But the count was a man of catholic enthusiasms, and in addition to archaeology and horse racing and slave girls, there was one that Germany’s imperial rivals in the Near East found particularly irksome: Max von Oppenheim wanted to rearrange the regional political chessboard through stoking the fires of Islamic jihad.
He had begun formulating the idea shortly after taking up his consular position in Cairo. In Oppenheim’s estimation, the great Achilles’ heels of Germany’s principal European competitors—Great Britain, France, and Russia—were the Muslim populations to be found within their imperial borders, populations that deeply resented being under the thumb of Christian colonial powers. As the only major European power never to have attempted colonization in the Muslim world, Oppenheim propounded, Germany was uniquely positioned to turn this situation to its advantage—especially if it could forge an alliance with the Ottoman Empire. If it came to a Europe-wide war, Oppenheim posited in a flurry of reports to the German foreign ministry, and the Ottoman authorities in Constantinople could be persuaded to call for a holy war against the Christian occupiers of their former lands, what would happen in British-ruled Egypt, or French Tunisia, or the Russian Caucasus?

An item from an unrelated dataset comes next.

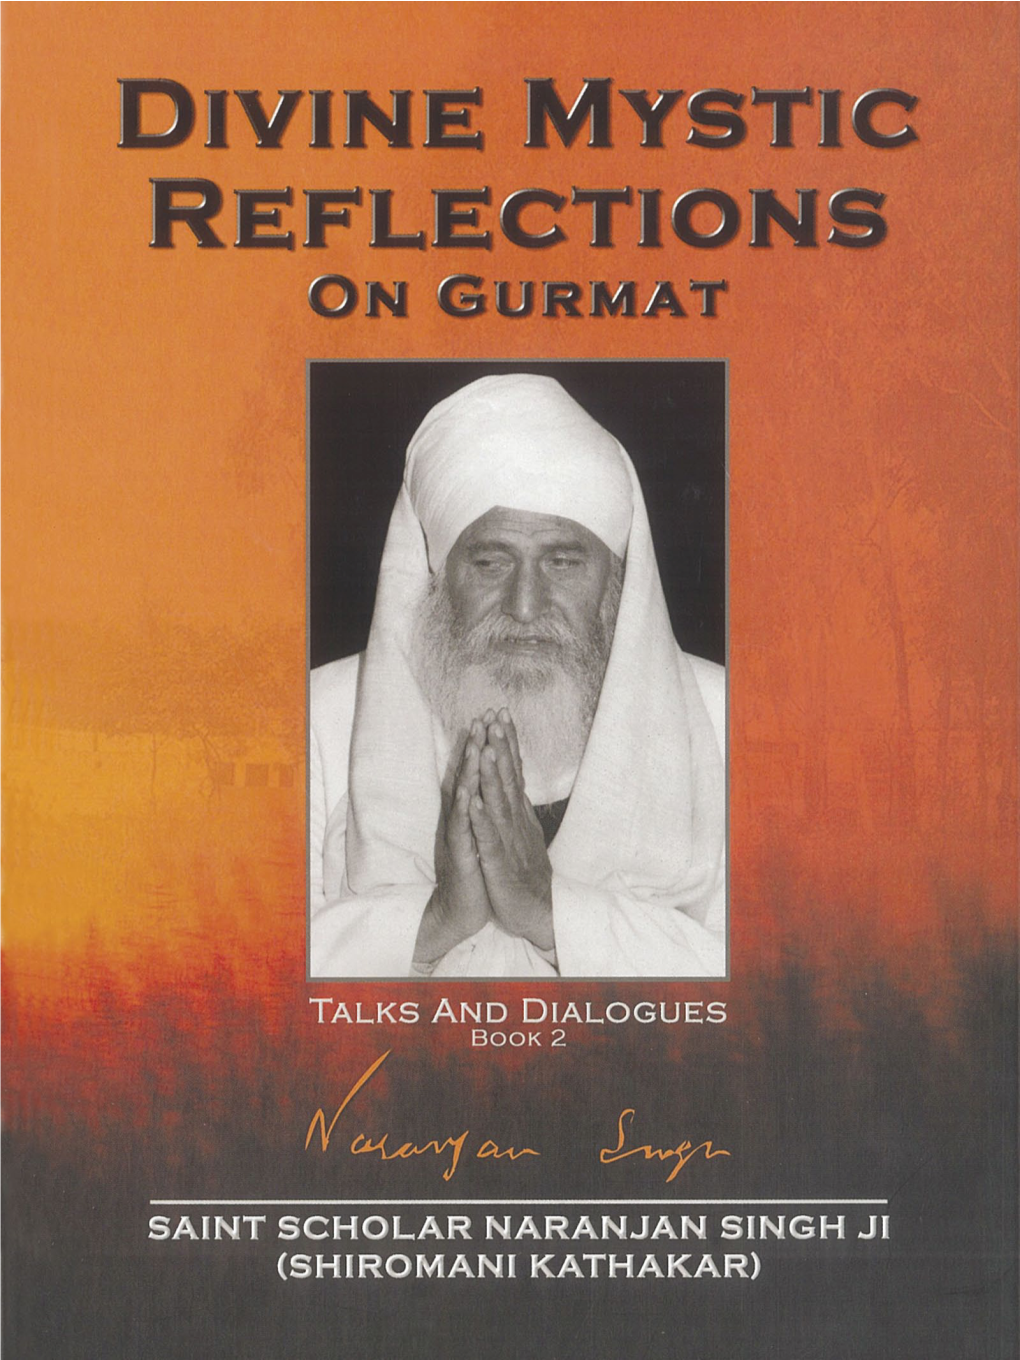 Divine Mystic Reflections on Gurmat Book 2 ISBN: 978 981 250 168 4 First Edition – May 2003 Second Edition - December 2010 Ebook Version 1.0 - May 2015

One person who was itching to find out was Kaiser Wilhelm II. Forwarded some of Oppenheim’s “war by revolution” treatises, the German emperor quickly became a committed proponent of the jihad notion. Wilhem saw to it that Oppenheim, “my feared spy,” was promoted at the Cairo embassy, assuming the somewhat ironic title of chief legal counsel.
Until the blessed day of pan-Islamic jihad came, there was plenty of work to be done in British Egypt. Through the early 1900s, Oppenheim spent much of his time—and not a little of his personal fortune—quietly wooing a broad cross section of the Egyptian elite opposed to British rule: tribal sheikhs, urban intellectuals, nationalists, and religious figures. While he had already won the kaiser to his jihadist ideas, in 1907 Oppenheim gained another adherent in the form of his new subordinate, Curt Prüfer. Enough with scholarly articles and Egyptian shadow plays; under the tutelage of his charismatic supervisor, Prüfer now saw the opportunity to spread gasoline over the region, put a match to it, and see what happened.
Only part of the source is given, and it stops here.